Man kann den Himmel ja verstehen, dass er anlässlich der letzten Vorstellung des „Sommernachtstraums“ im Herrenhäuser Gartentheater weinte. Aber hätte es nicht gereicht, wenn er ein paar Tränchen verdrückt hätte? Stattdessen goß es am Sonnabend phasenweise so heftig, dass die Sprünge der Schauspieler auf der Bühne regelrechte Fontänen verursachten, dass die mit Wäschetrockner und Fön bestückten Mitarbeiter hinter der Bühne es kaum schafften, die Kostüme von Puck, Hermia und Theseus zu entfeuchten. Aber trotz dieser Widrigkeiten: Der Schlussapplaus wollte und wollte kein Ende nehmen, und das Ensemble feierte das Finale des Shakespeare-Erfolgsmusicals bis in den frühen Morgen.

Im Gartentheater Herrenhausen hat der "Sommernachtstraum" Sonnabend sein großes Finale gegeben.

Fünf Spielzeiten lang begeisterte das Stück von Heinz Rudolf Kunze und Heiner Lürig die Zuschauer in Herrenhausen, zu insgesamt 89 Vorstellungen kamen 65 000 Besucher. Besonders gut war die Auslastung in diesem Jahr, nachdem Veranstalter Hannover Concerts kundgetan hatte, dass bald Schluss mit lustig sei: Nach Auskunft von Pressesprecher Karsten Seifert waren diese 15 Vorstellungen zu 98 Prozent ausgelastet.

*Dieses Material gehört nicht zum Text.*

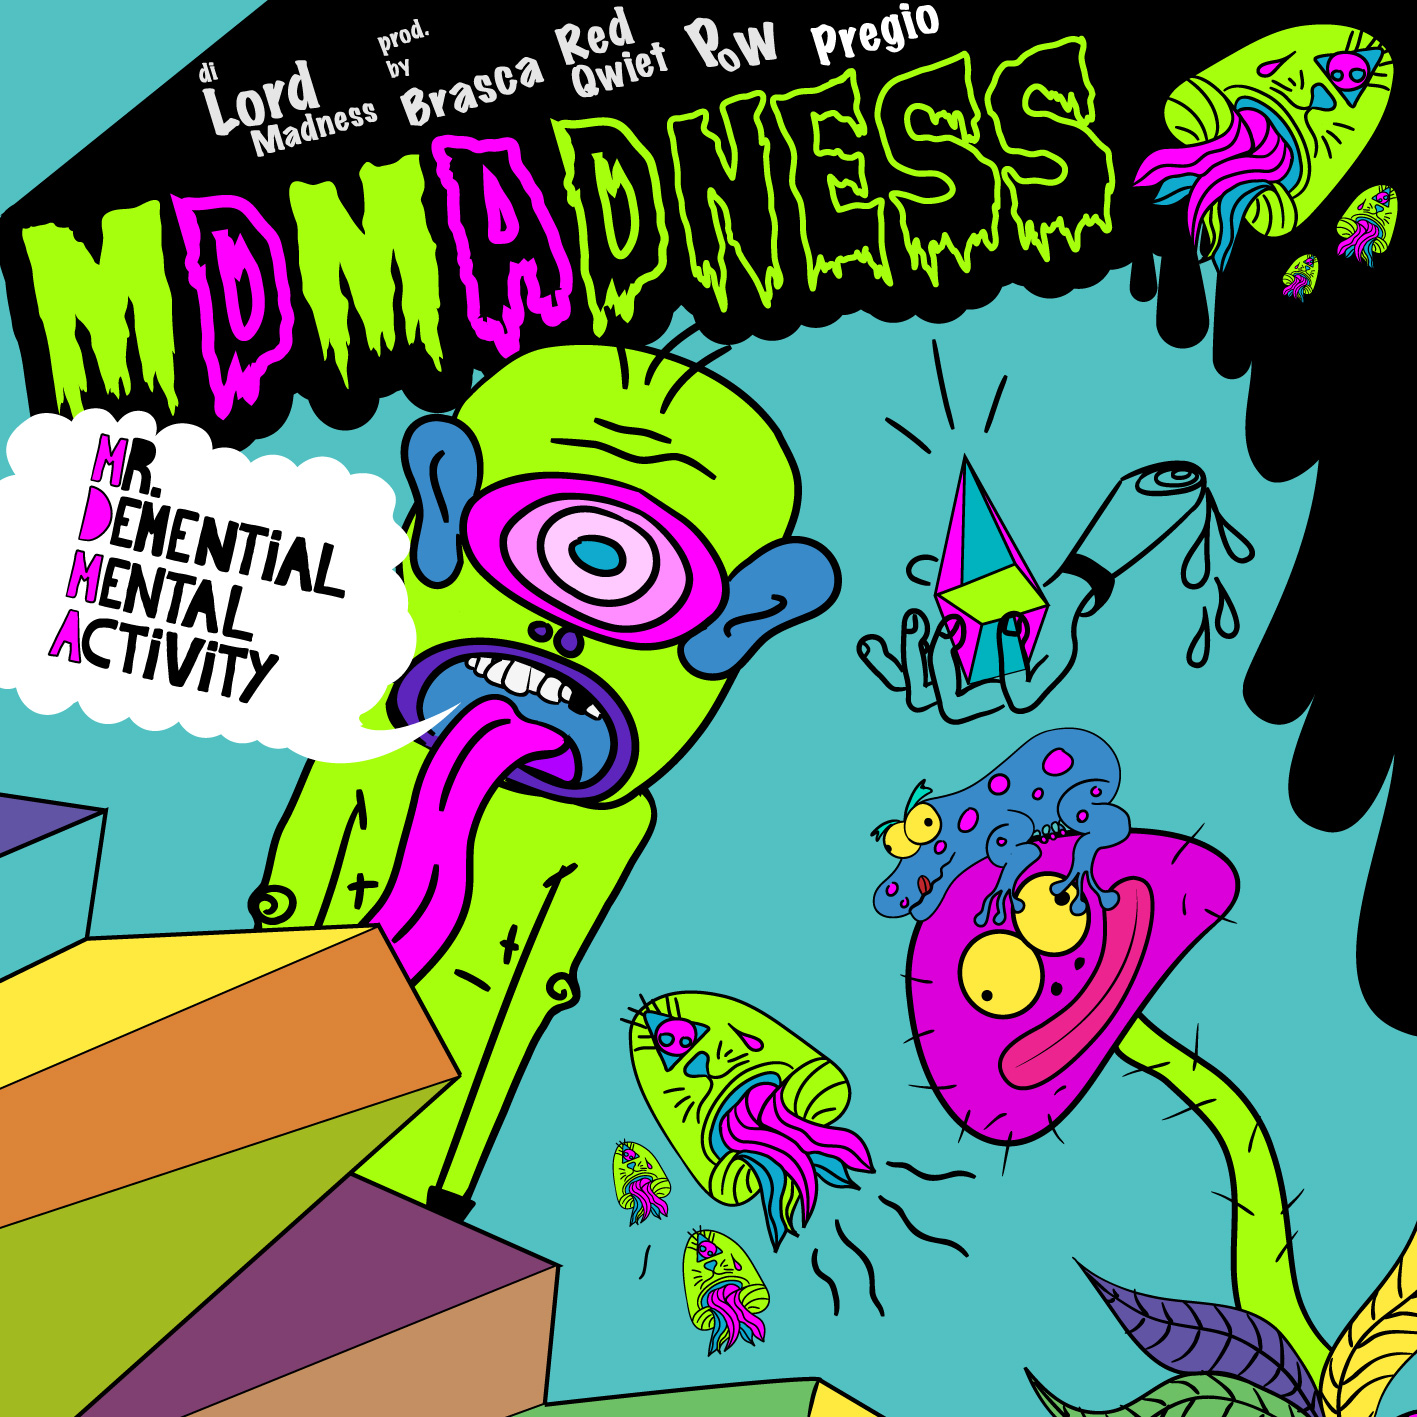 Lord Madness - M.D.M.A.dness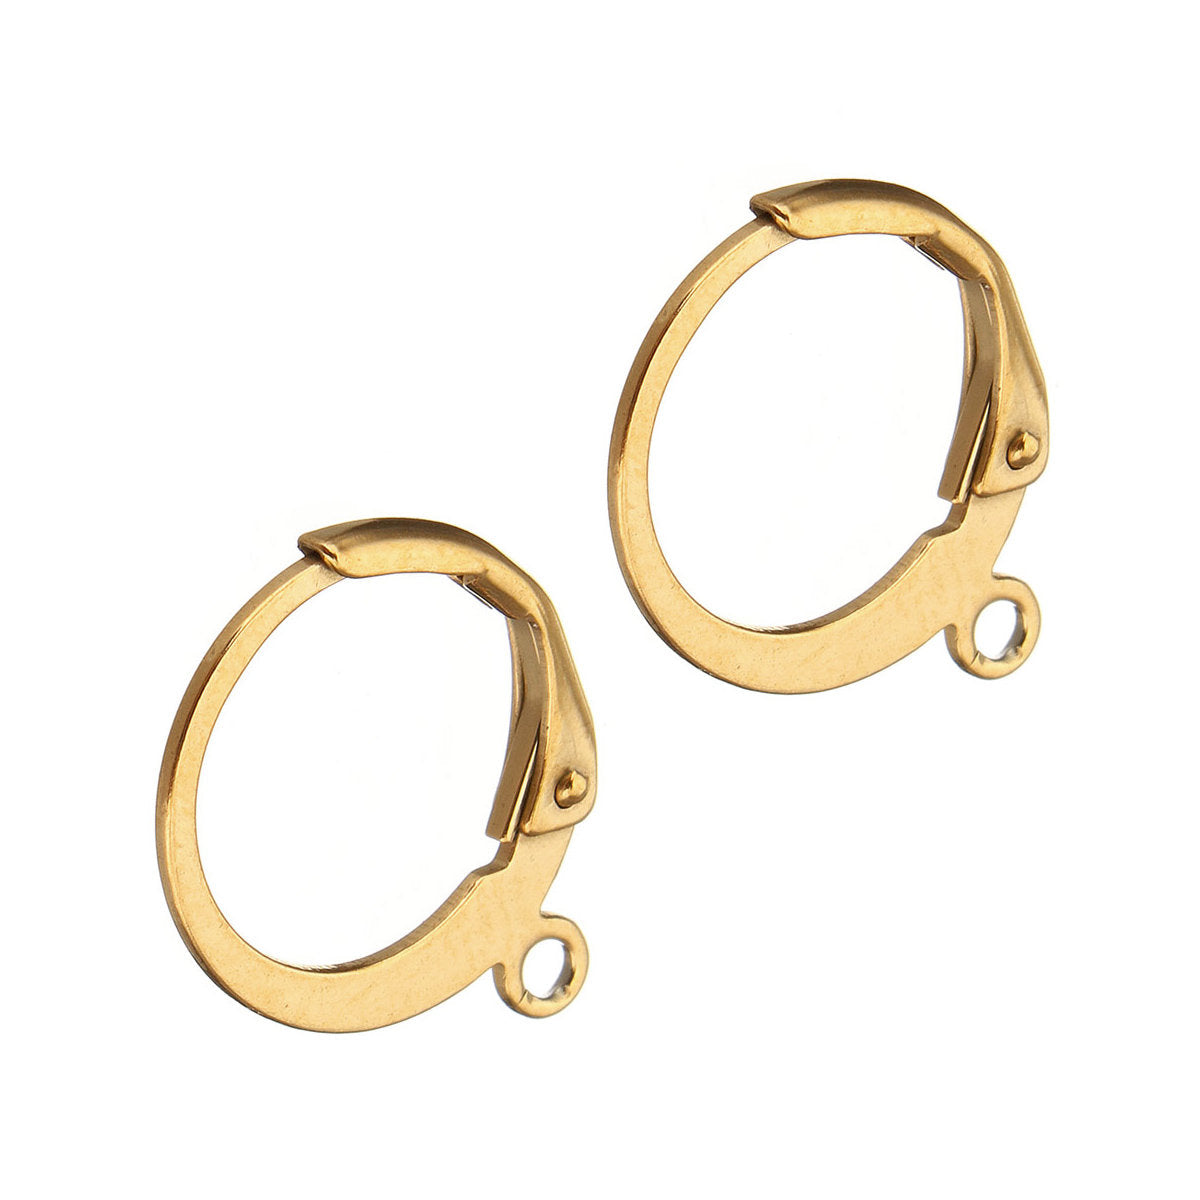 4 Pairs X Gold Plated Stainless Steel Leverback Earring Blanks, Gold Lever  Back Earring Hooks, Gold Earring Wire 1422

Wie das häufig so ist bei der letzten Aufführung, hatten die Schauspieler ein paar kleine Überraschungen in ihre Auftritte eingebaut, die aber nur Stammgäste als Abweichungen vom normal-verrückten Gang der Dinge identifizieren konnten. Dass die Helena alias Mirja Regensburg in einer Szene mit einem Fahrrad auf der Bühne aufkreuzte oder bei anderer Gelegenheit einen gasfüllten Luftballon-Mops mit sich führte – das passte und hätte auch schon früher gepasst. Dass sich Schauspieler mitten im Spiel ihre Hände in Pfützen waschen – spricht für Improvisationstalent. „Man hat gemerkt, dass sich das Ensemble die Lust an der letzten Vorstellung nicht vermiesen lassen wollte, und dem Publikum ging’s genauso“, meinte Produktionsleiter Jürgen Hoffmann. 

Zum Schlussapplaus kamen schließlich auch all die Maskenbildner, Tontechniker und Kostümschneider auf die Bühne, die gewöhnlich nicht im Rampenlicht stehen. Auch sie wurden gebührend bejubelt, trugen sie doch einen gehörigen Teil zur fantasischen Welt des „Sommernachtstraums“ bei. Nächstes Jahr, so sagte Jürgen Hoffmann, gebe es noch keine Pläne für ein neues Gartentheater-Stück, aber ab 2016 sei alles möglich – vielleicht sogar ein Comeback von Puck.